The nuclear fraction of the precipitate was dispersed in 200 µL of PIPA buffer, and the cell nuclei were disrupted using a Bioruptor UCD-250 (250 W, 30 s ON/30 s OFF/20 cycles). Centrifugation was then performed at 15,000 rpm for 15 min to obtain the nuclear fraction of the supernatant. These extracts were quantified with a Pierce BCA protein assay kit, heat-denatured at 95 °C for 5 min, and subjected to 10% polyacrylamide gel SDS electrophoresis. For western blot analysis of cells, the separated proteins were electrophoretically transferred onto a polyvinylidene difluoride membrane. Then the membranes were incubated with primary antibodies including αSMA (1:100; Abcam, Cambridge, UK), h-caldesmon (1:200; Santa Cruz Biotechnology, Santa Cruz, CA), renin (1:200; Proteintech Group, Rosemont, IL), and LXRα (1:4000; Abcam) overnight at 4 °C, washed, and incubated with horseradish peroxidase-conjugated goat anti-rabbit (Jackson ImmunoResearch, West Grove, PA, USA) used for renin and LXRα or with anti-mouse IgG (Jackson ImmunoResearch) used for αSMA and h-caldesmon. Finally, the membranes were treated with chemiluminescent reagent, exposed to a cooled CCD camera (LAS-3000 Mini; Fujifilm, Tokyo, Japan) with which the images were acquired. Each protein was quantified and normalized by β-actin using Image J (NIH, Bethesda, ML, USA).

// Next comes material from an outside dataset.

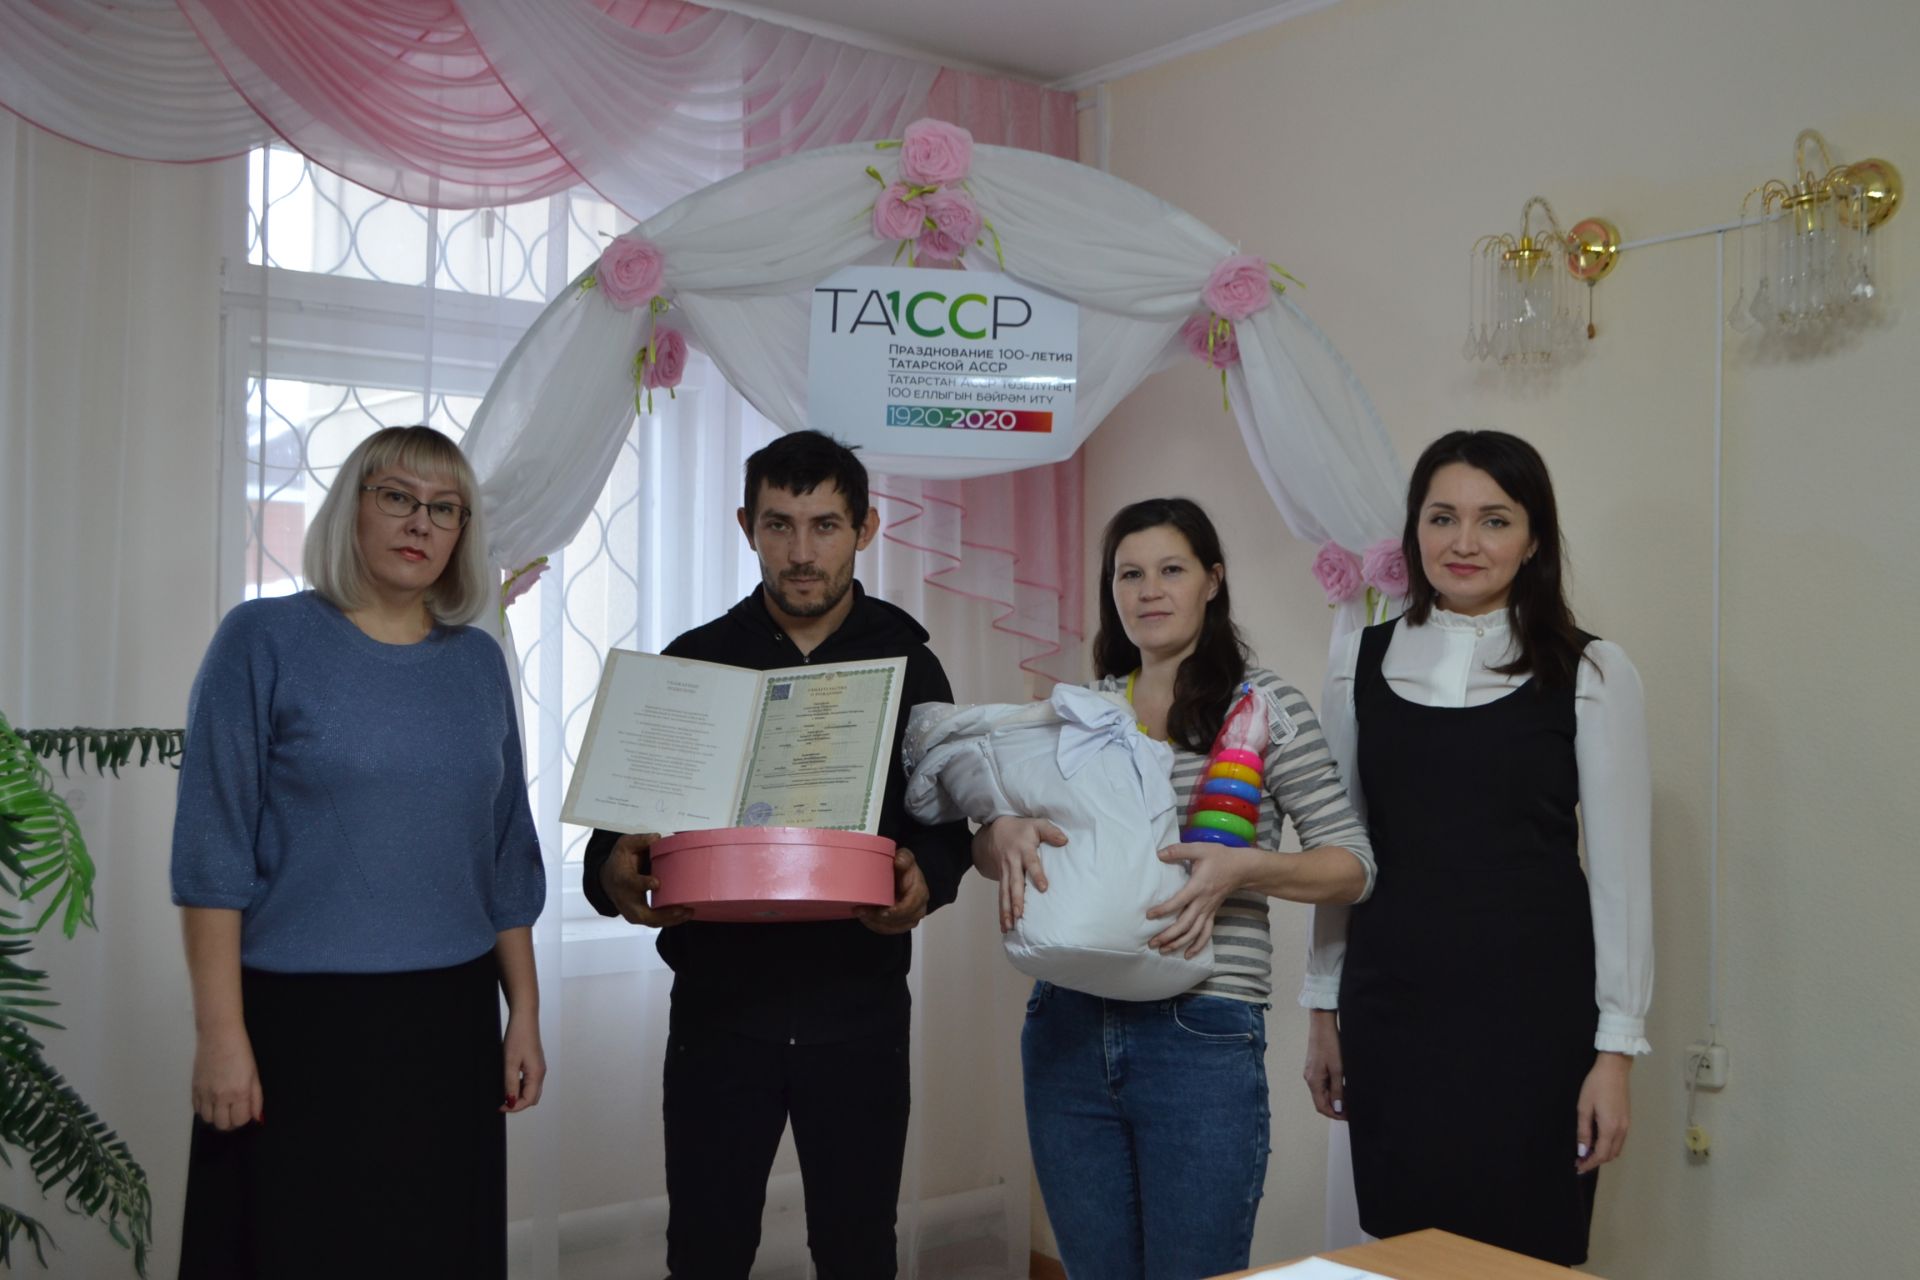 В Верхнеуслонском районе чествовали первого новорожденного, рожденного в год 100-летия ТАССР
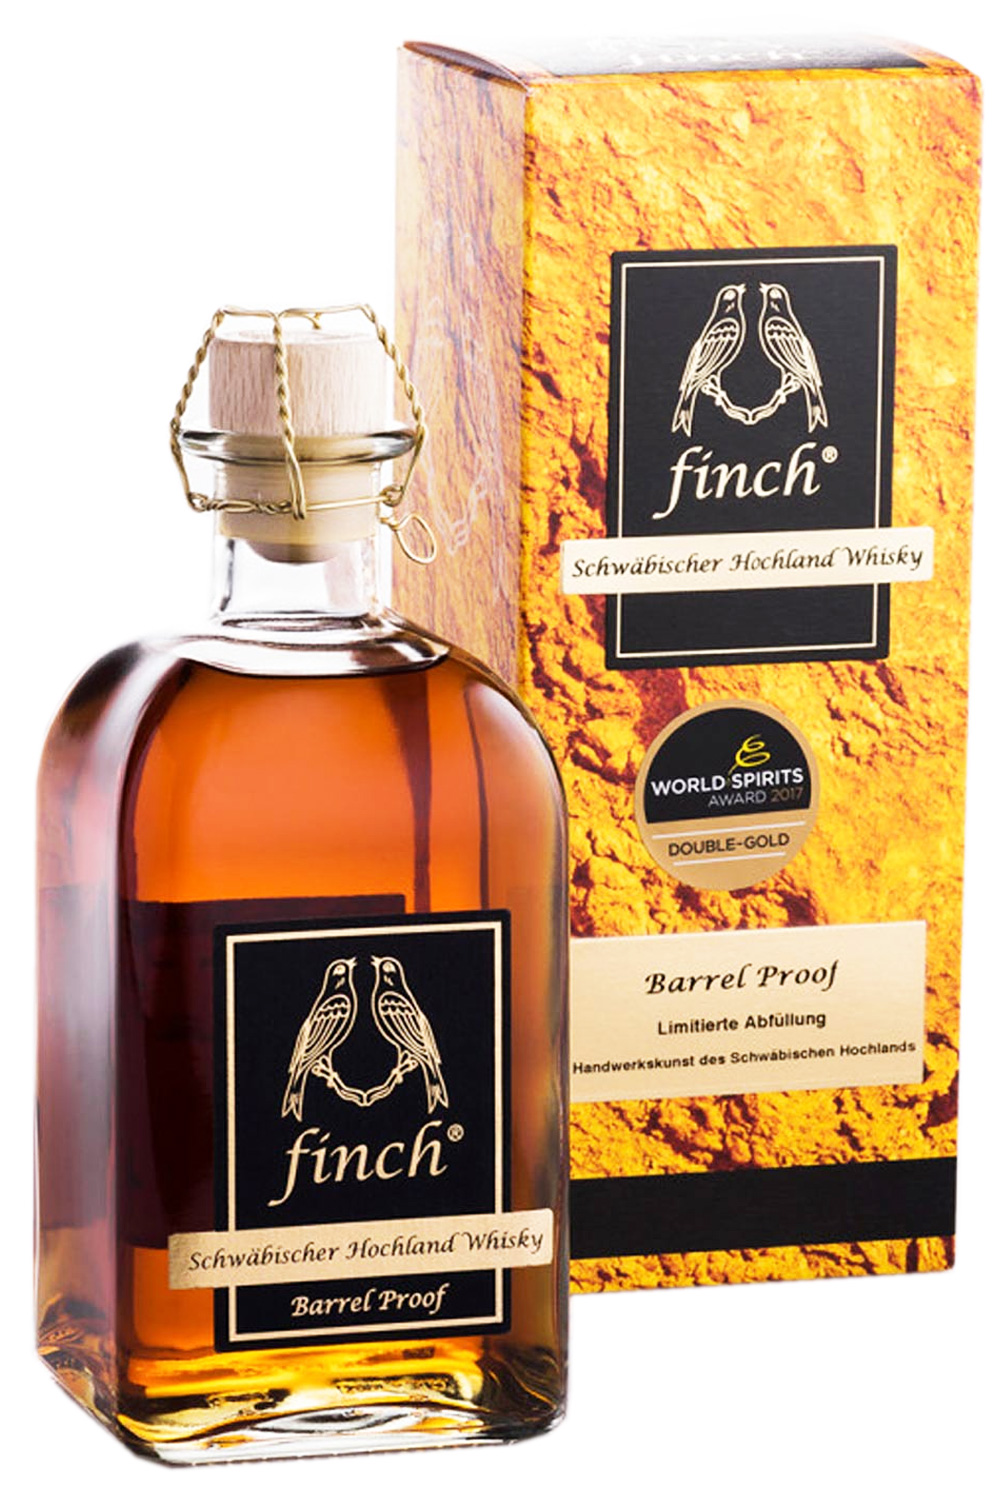 Finch Schwäbischer Hochland Whisky Barrel Proof

Measurement of renal renin and angiotensin II (Ang II) in renal medulla
At 60 weeks of age, five rats from each group were decapitated, and the right kidney was immediately removed. The left kidney was also used to extract protein from the renal medulla, and renin expression was evaluated by western blotting. The right kidney was easily removed and placed in an Eppendorf tube and stored in liquid nitrogen. Later, the stored material was thawed, and the peptides eluted using Sep-Pak C18 cartridges (Waters Associates, Milford, MA, USA). The eluate was dried and separated by centrifugation, further purified by a Shodex column (OPD-50, Showa Denko, Tokyo, Japan), and the intrarenal Ang II was measured using a radioimmunoassay as described previously [15].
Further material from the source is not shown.